Blood Pressure Targets
- Most adults <65 years: <130/80 mmHg 2
- Adults 65-85 years: Systolic BP 120-129 mmHg if well tolerated 2
- Patients with diabetes or CKD: <130/80 mmHg 5, 1
Titration Strategy
Follow-up timeline 1:
- Recheck blood pressure in 1 month after initiating therapy
- Goal is to achieve BP control within 3 months 2
- If BP not controlled with two drugs, escalate to three-drug combination (add the third class not yet used) 1
Medication titration 1:
- Increase ACE inhibitor to full dose (lisinopril 20-40 mg daily) before adding additional agents 3
- If still uncontrolled, add the third drug class
- For resistant hypertension after optimizing three drugs, add spironolactone 25 mg daily 1
Special Population Considerations
Patients with specific comorbidities require tailored approaches:
- Coronary artery disease: ACE inhibitors or ARBs as first-line 1
- Albuminuria (UACR ≥30 mg/g): Must include ACE inhibitor or ARB to reduce progressive kidney disease 1
- Heart failure: Add beta-blockers to the regimen 1
- Pregnancy or planning pregnancy: Absolutely contraindicated: ACE inhibitors, ARBs, mineralocorticoid receptor antagonists, direct renin inhibitors 1, 2
Monitoring Requirements
Laboratory monitoring 1:
- Check serum creatinine and potassium 7-14 days after initiating or changing doses of ACE inhibitors, ARBs, or mineralocorticoid receptor antagonists
- Monitor for hypokalemia when using diuretics
Critical Pitfalls to Avoid
Do not delay pharmacotherapy for a trial of lifestyle modifications alone when BP is ≥140/90 mmHg 1. The outdated approach of waiting 3-6 months for lifestyle changes is no longer recommended by current guidelines 1. This represents a major shift from older guidelines 5 that suggested observation periods for patients with diastolic BP 100-109 mmHg.

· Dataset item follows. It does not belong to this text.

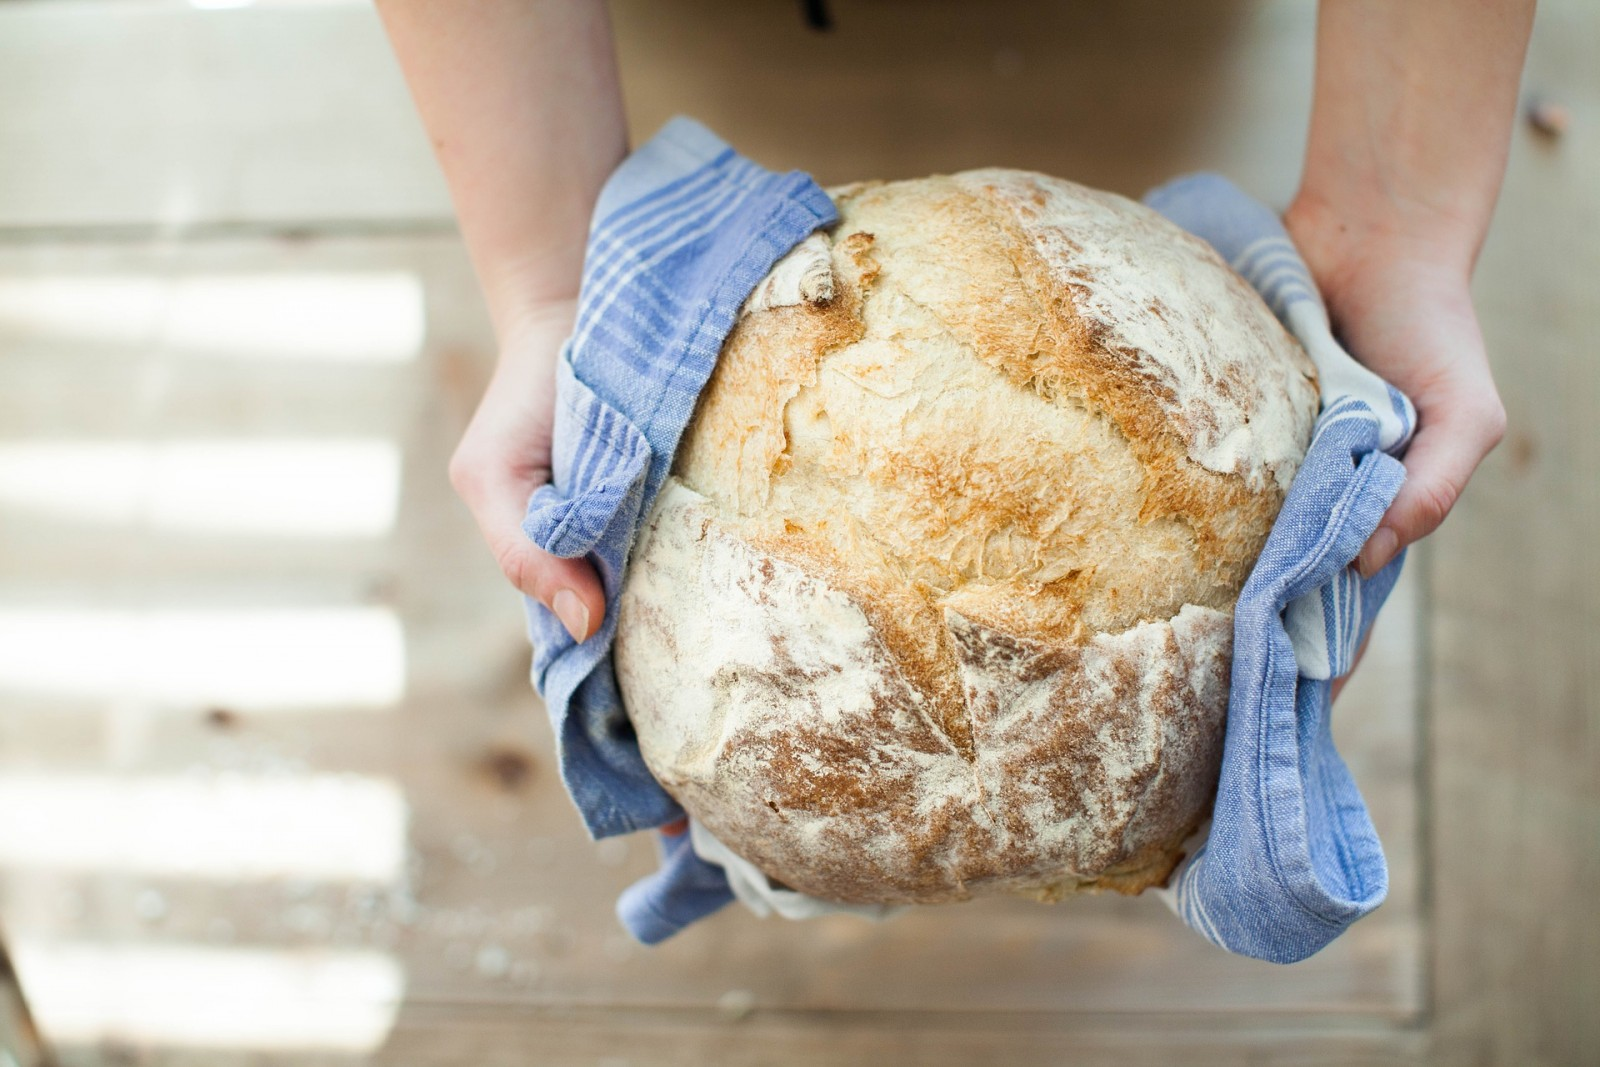 DOP bread

Avoid beta-blockers as initial therapy unless specific indications exist (heart failure, coronary disease) 1. Multiple guidelines now restrict their use as first-line agents 5.
Do not use hydrochlorothiazide when chlorthalidone or indapamide are available, as longer-acting thiazide-like diuretics have superior cardiovascular outcomes 1.
Avoid ACE inhibitors in patients with history of angioedema or bilateral renal artery stenosis 1.